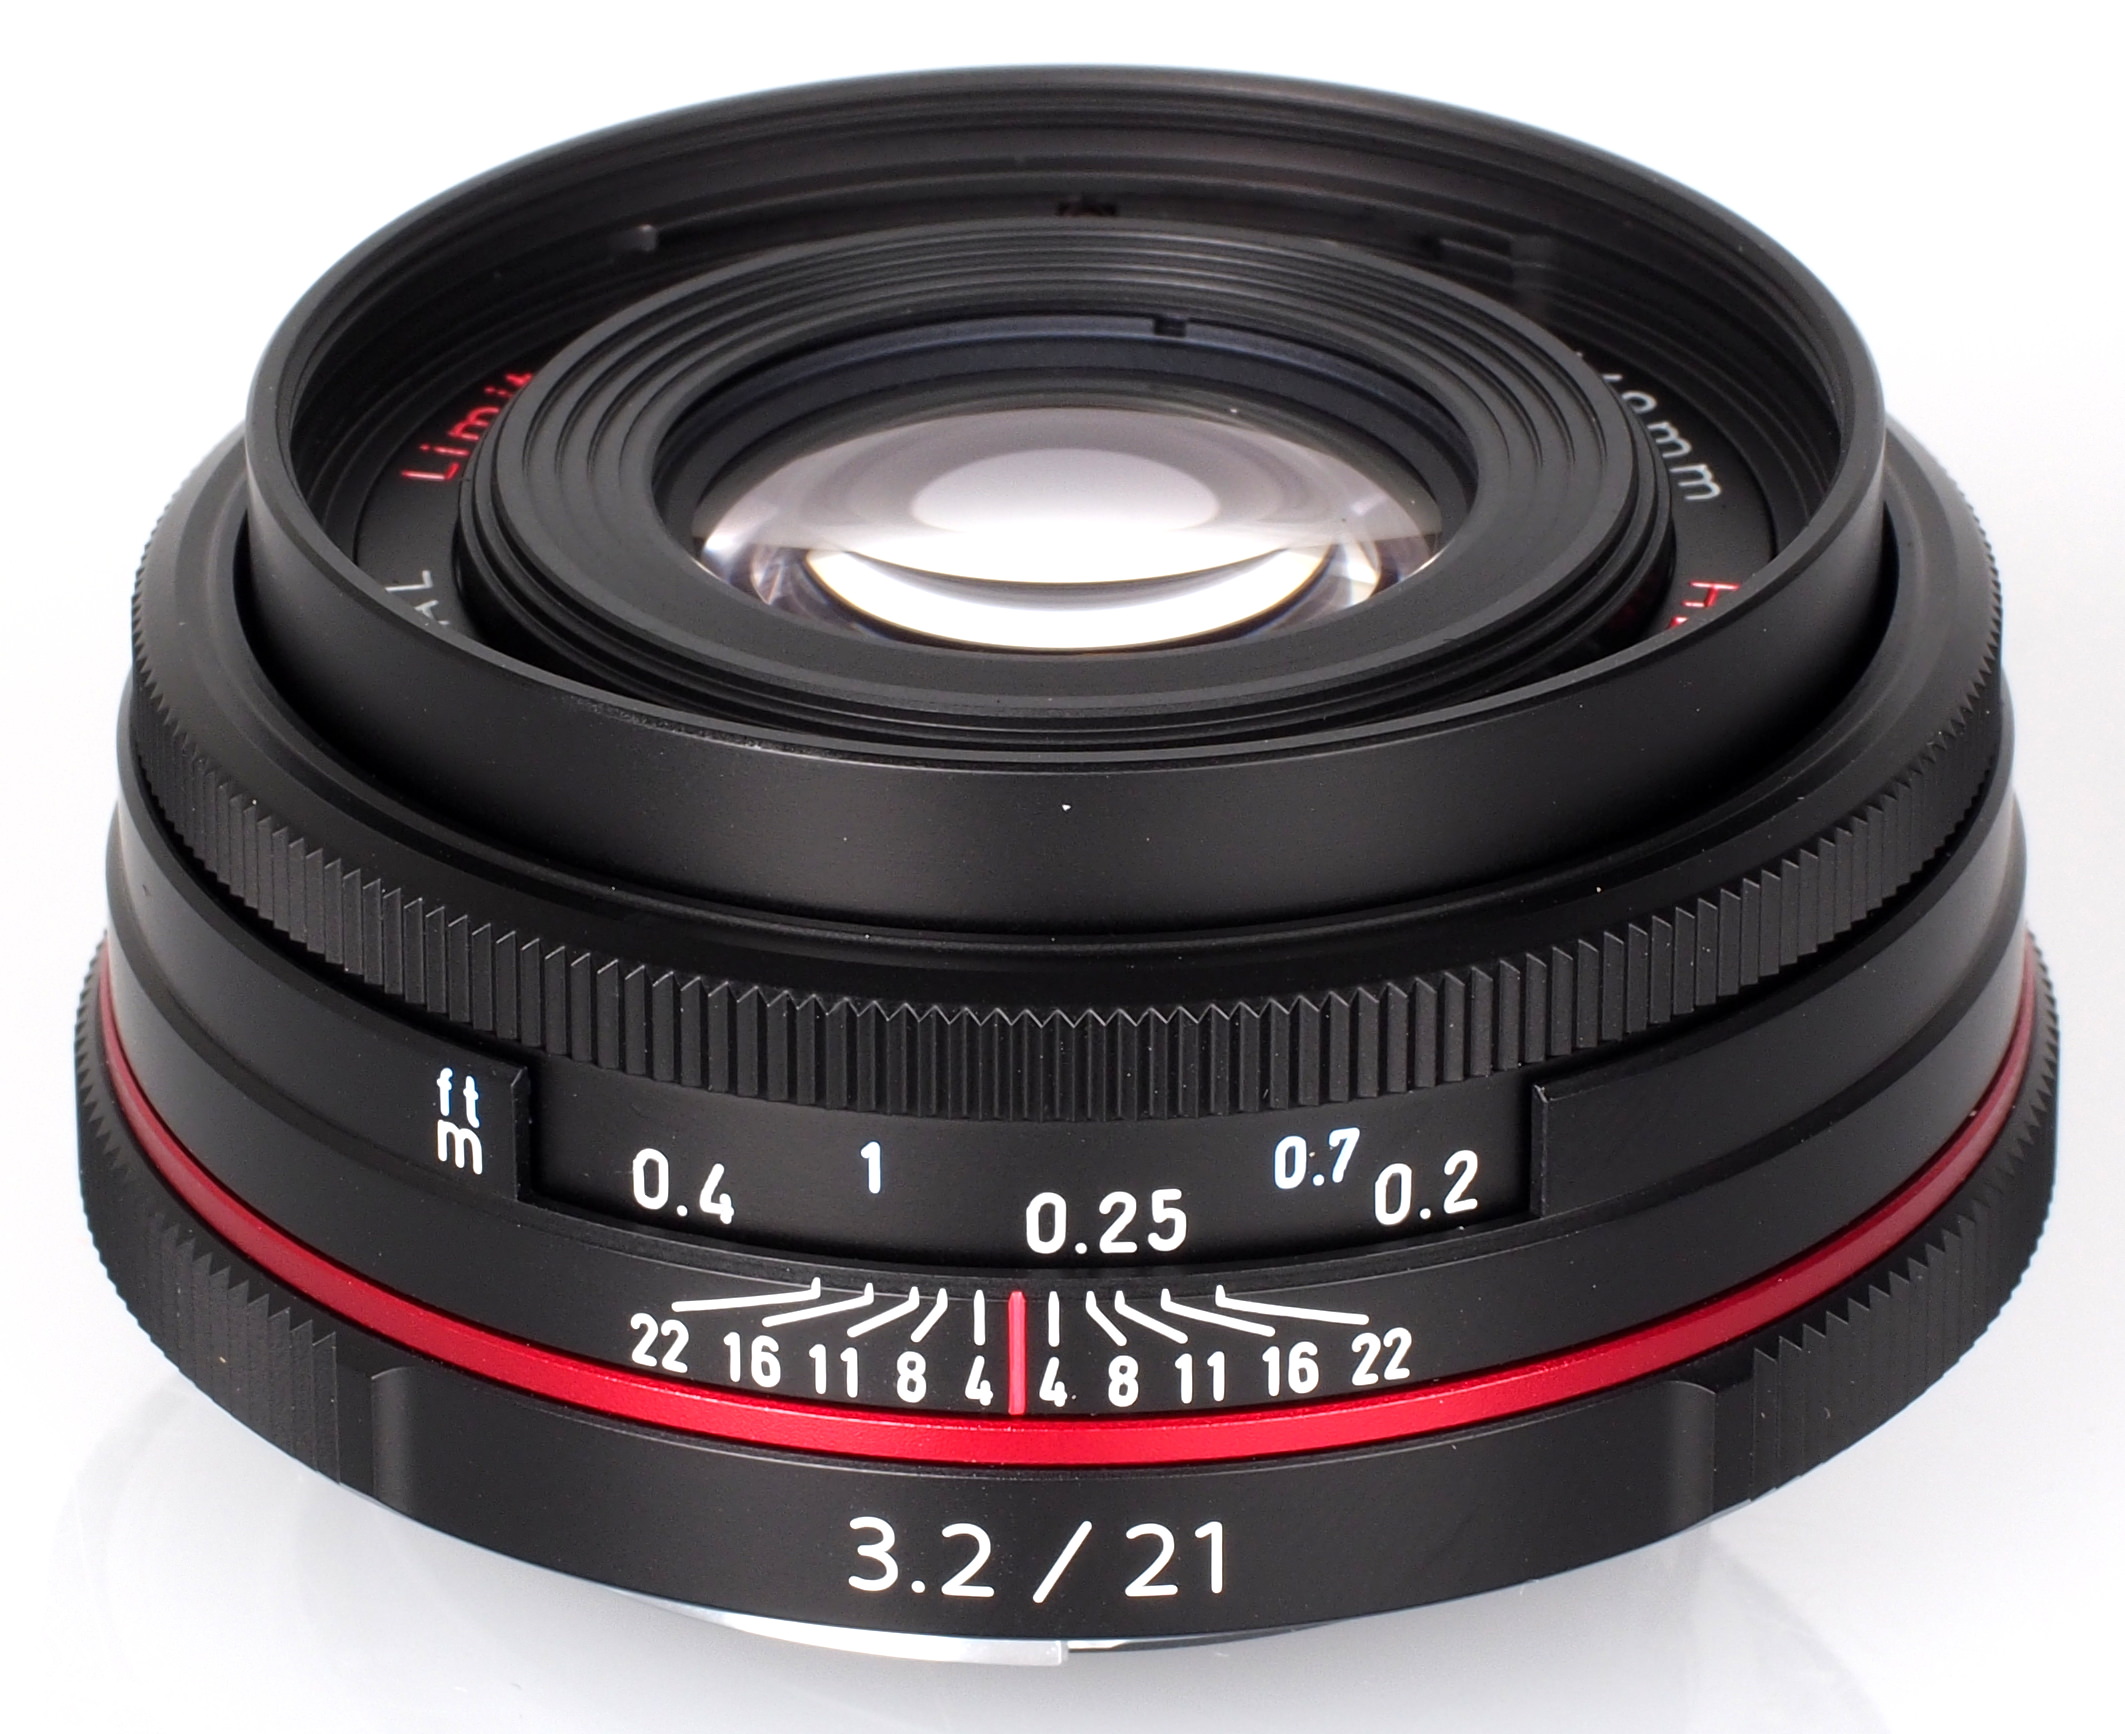 HD PENTAX-DA 21mm f/3.2 AL Limited Lens Review
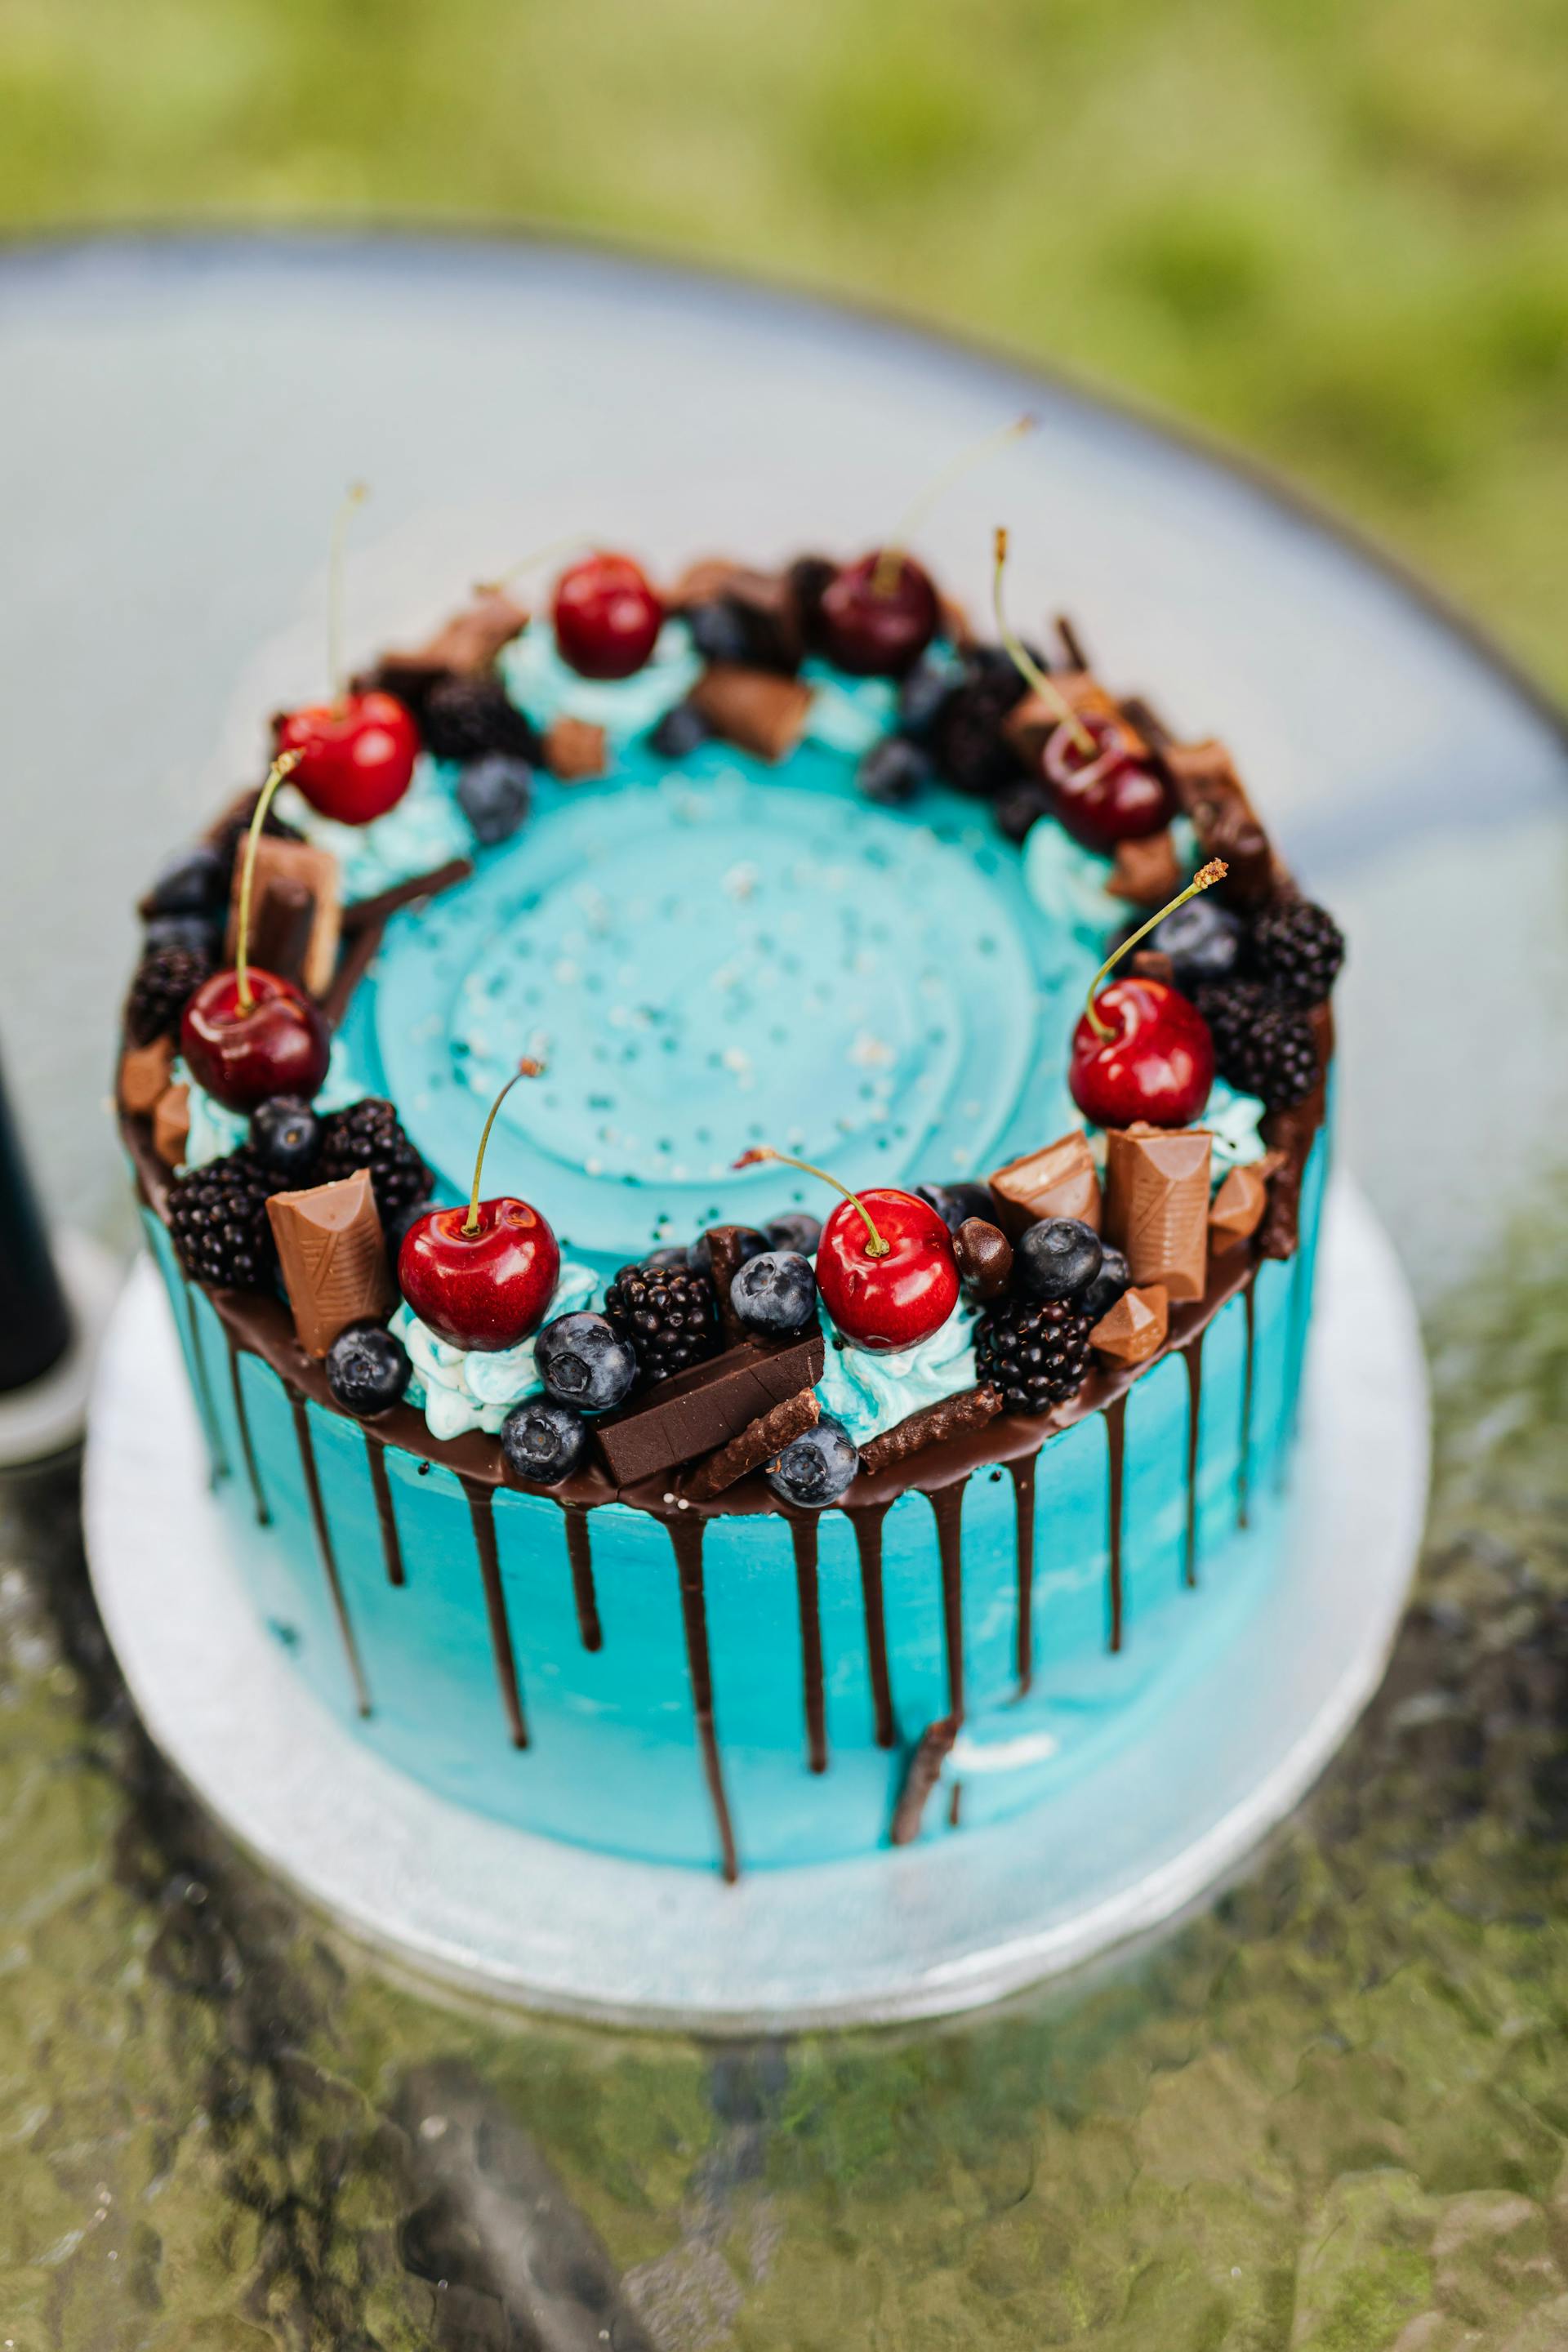 A close-up shot of a cake | Source: Pexels
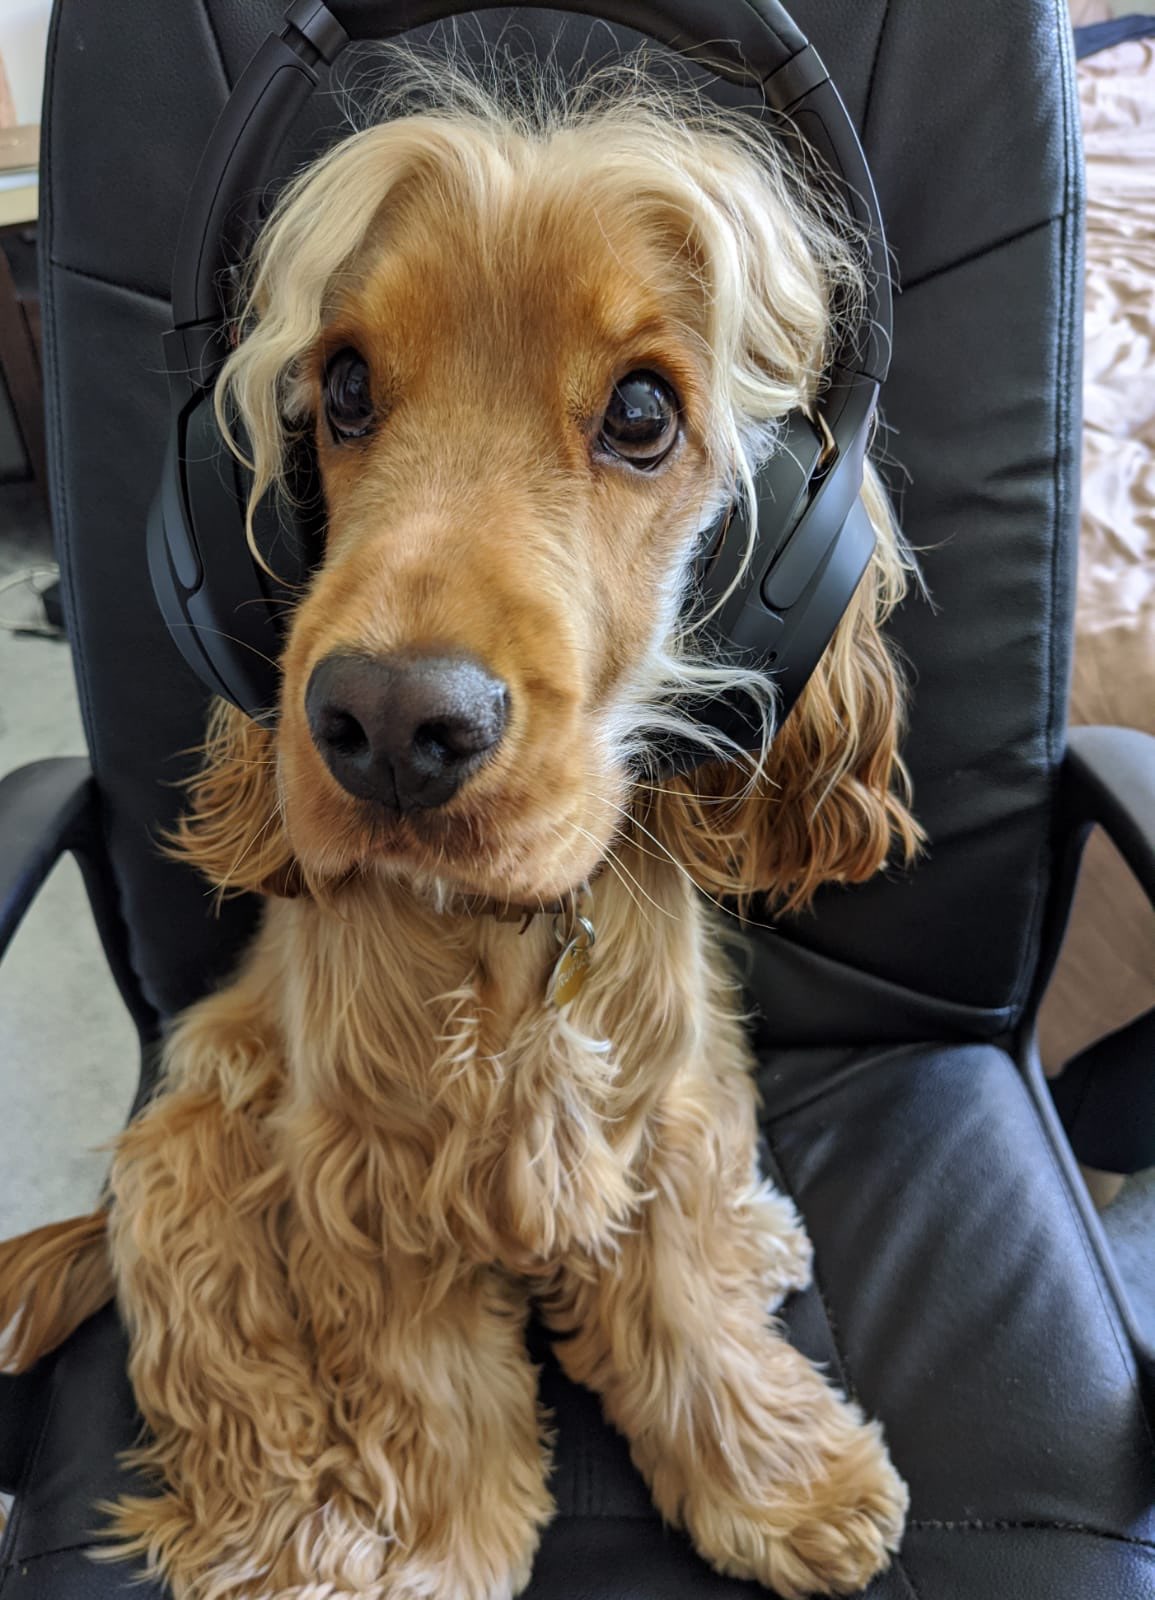 Dog sitting on chair wearing headphones

** WHAT TO PRODUCE **
The material above is to be transcribed exactly, with its images omitted.

** OUTPUT FOR THIS EXERCISE **
 HD PENTAX-DA 21mm f/3.2 AL Limited Lens Review
 A close-up shot of a cake | Source: Pexels
 Dog sitting on chair wearing headphones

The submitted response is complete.